The denizens of Mumbai can take solace in the fact that the petrol price is yet to cross the physiological mark and despite the seemingly 25 paise per litre hike on Wednesday, it is still hovering at Rs 96.

Owing to these seemingly marginal hikes in nine straight days, prices have gone up by Rs 2.59 per litre for petrol and Rs 2.82 per litre for diesel. Retail petrol rates have risen by Rs 19.95 per litre since mid-March 2020, after the government raised taxes by a record margin to mop up gains arising from fall in international oil prices. Diesel rates have gone up by Rs 17.66.
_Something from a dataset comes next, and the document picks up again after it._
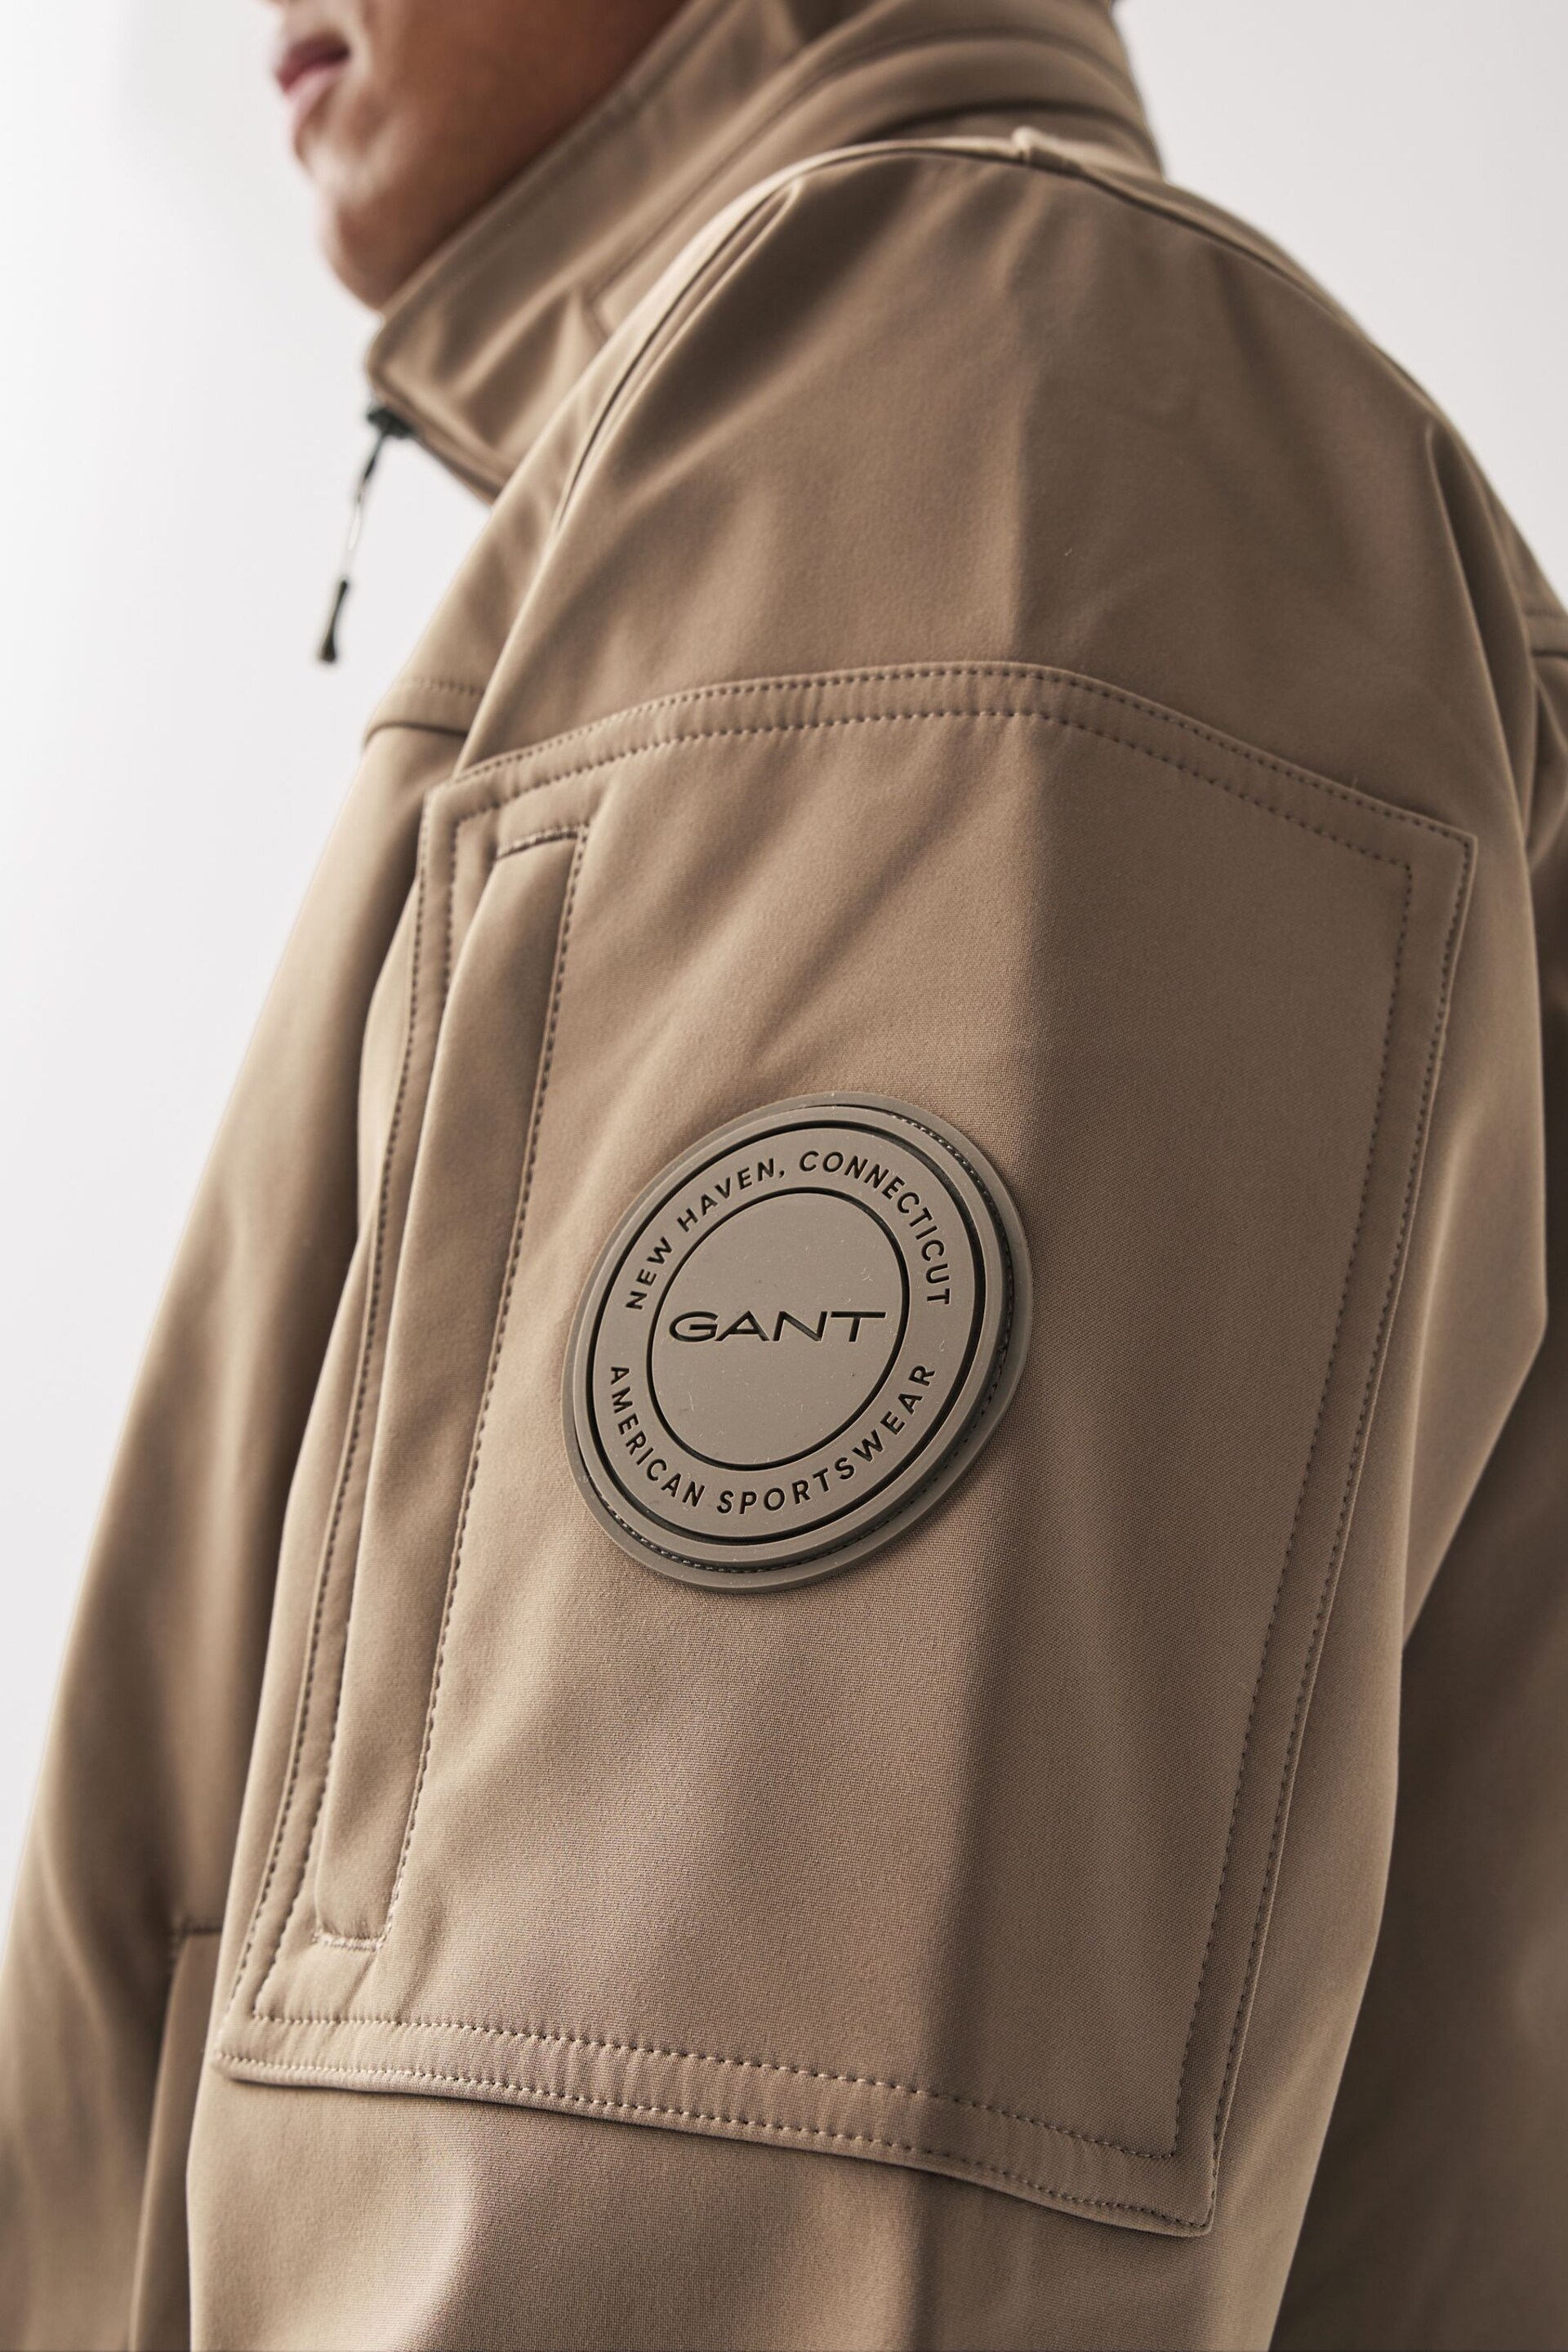 GANT Soft Shell Water Repellent Jacket - Image 3 of 8

Given the middle class sensitivities over what is perceived as a crushing burden in times of pandemic, India, the world's thirdbiggest oil consumer, on Wednesday urged Saudi Arabia and other global oil producers to ease production cuts, saying rising international oil prices are hurting economic recovery and demand. Demand recovery should take "primacy" over oil prices at least for the next few months, Oil Minister Dharmendra Pradhan said.

As petrol sneaked past the ignominious Rs 100 milestone, PM Modi on Wednesday said the middle-class would not have been burdened if the previous governments had focussed on reducing India's energy import dependence. Without referring to the relentless increase in retail fuel prices, which are linked to international rates, he said India imported over 85 per cent of its oil needs in the 2019-20 financial year and 53 per cent of its gas requirement.

"Can a diverse and talented nation like ours be so energy import dependent?" he asked, addressing an online event.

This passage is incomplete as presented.